We are enjoying the Christmas holiday season.  Feeling fortunate to have such wonderful family and friends, each other, and all the blessings we have in our lives. I say a prayer of thanks at least once a day for my life. 

Will be updating this blog again soon..... I promise!!!! 

Thursday, June 14, 2012

Katie Week...

Since James is up at Camp, it has just been Kari, Katie and me at home.  It has been really fun to just be with her.  Not that she plays second fiddle to her bigger brother but this is really the first time that she has been the center of our attention for such a long period of time. 

We've been taking walks, going to the splash park and hanging out together. 

She and I were hanging out a few nights ago.  She will spontaneously burst into song.  I caught these on video.  Enjoy!

James at Camp

Hello All,

We've been pretty busy over here so we're slacking again at our blogging duties.

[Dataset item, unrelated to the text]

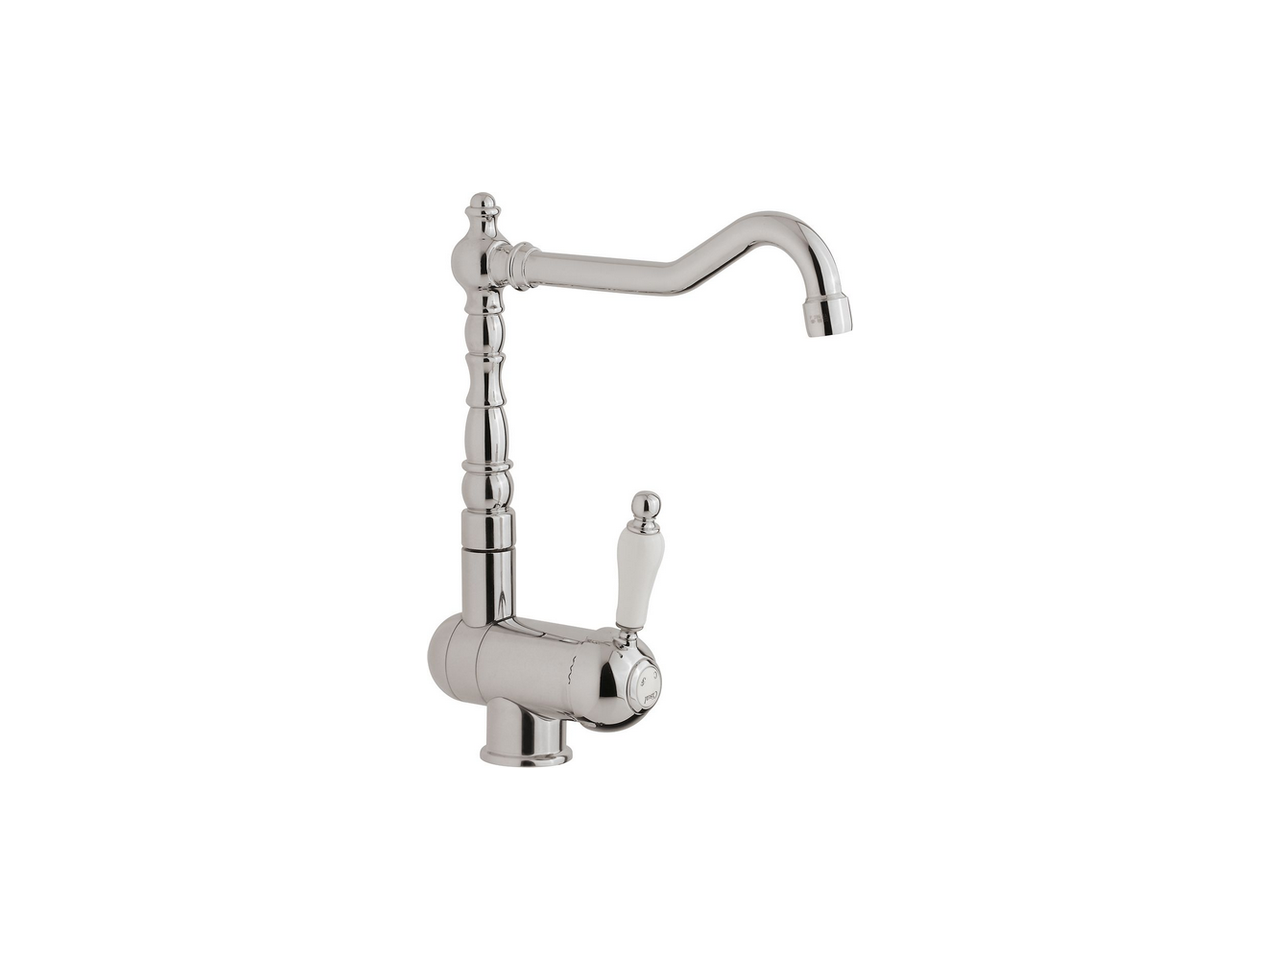 CisalSingle lever sink mixer with reclined spout ARCANA EMPRESS_EM001530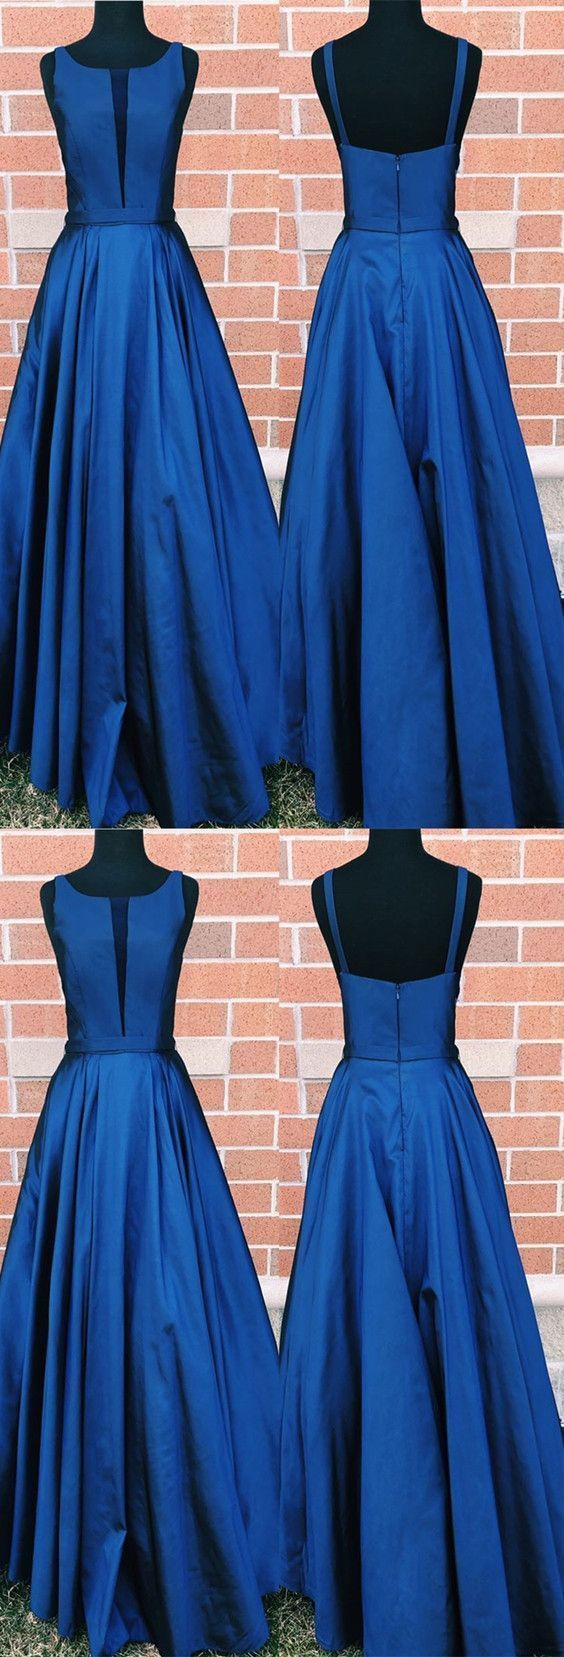 Blue Long Satin Scoop Neck Prom Dress Floor Length Evening Gowns M8909

James is at camp this week. He is up in Wisconsin for the whole week, swimming, shooting bows & arrows, doing crafts and singing around the campfire. It has been radio silence from him up there, which is a good thing. The camp does have a Twitter feed so we're getting periodic updates from the whole group. You can follow the feed at @campkesemnu. We did get this tweet with this picture of him betting a bearded dragon.

 

We do miss him very much and will be excited to see him when he comes home tomorrow. 

Saturday, May 26, 2012

ALL CLEAR!

Can't find anything on the scans!  Thank God and you all for your prayers!

Wednesday, May 23, 2012

Scan-xiety

I have a full day at the hospital today, repeating scans and tests.  While they *don't expect to find anything* it is still nervewracking.  A prayer or well wish in my direction would be well appreciated.  Pray they can't find anything wrong with me! 

Wednesday, May 16, 2012

A Special Wish

Today is my grandmother's birthday.   She past away a little over a year ago.  I miss her terribly.  On my days when I am my saddest, I use her to inspire me and bring me up.  I was so sad when I was diagnosed not to be able to talk to her about it, because I knew that she would have just the right words to say.  But I realize now, that she taught me everything I need to know to get through this already.  She lived life to the fullest with such a zest that she was an inspiration to us all.  And thats what I try to do every day....
I hope she knew just how special she was to me, and I wish that she could know how much comfort she brings me.



                                                        Miss and love you lots grandma!

Saturday, May 12, 2012

Angels and Bolters: A Field Guide to the Wildlife of Cancer

I'm reposting this from someone else's blog... It is so true!  Not that I expereinced all these things exactly this way, but I have expereinced these categories for sure....


Angels and Bolters: a Field Guide to the Wildlife of Cancer


By Karen Ritchie M.D.



When you are diagnosed with cancer, strange things happen to other people. Cancer will probably change you, but it also changes people around you, people you thought you knew.



People behave in unexpected ways. Some you thought were friends disappear. Others hang around. And of those who keep coming around, you will be glad to see some, and less glad to see others.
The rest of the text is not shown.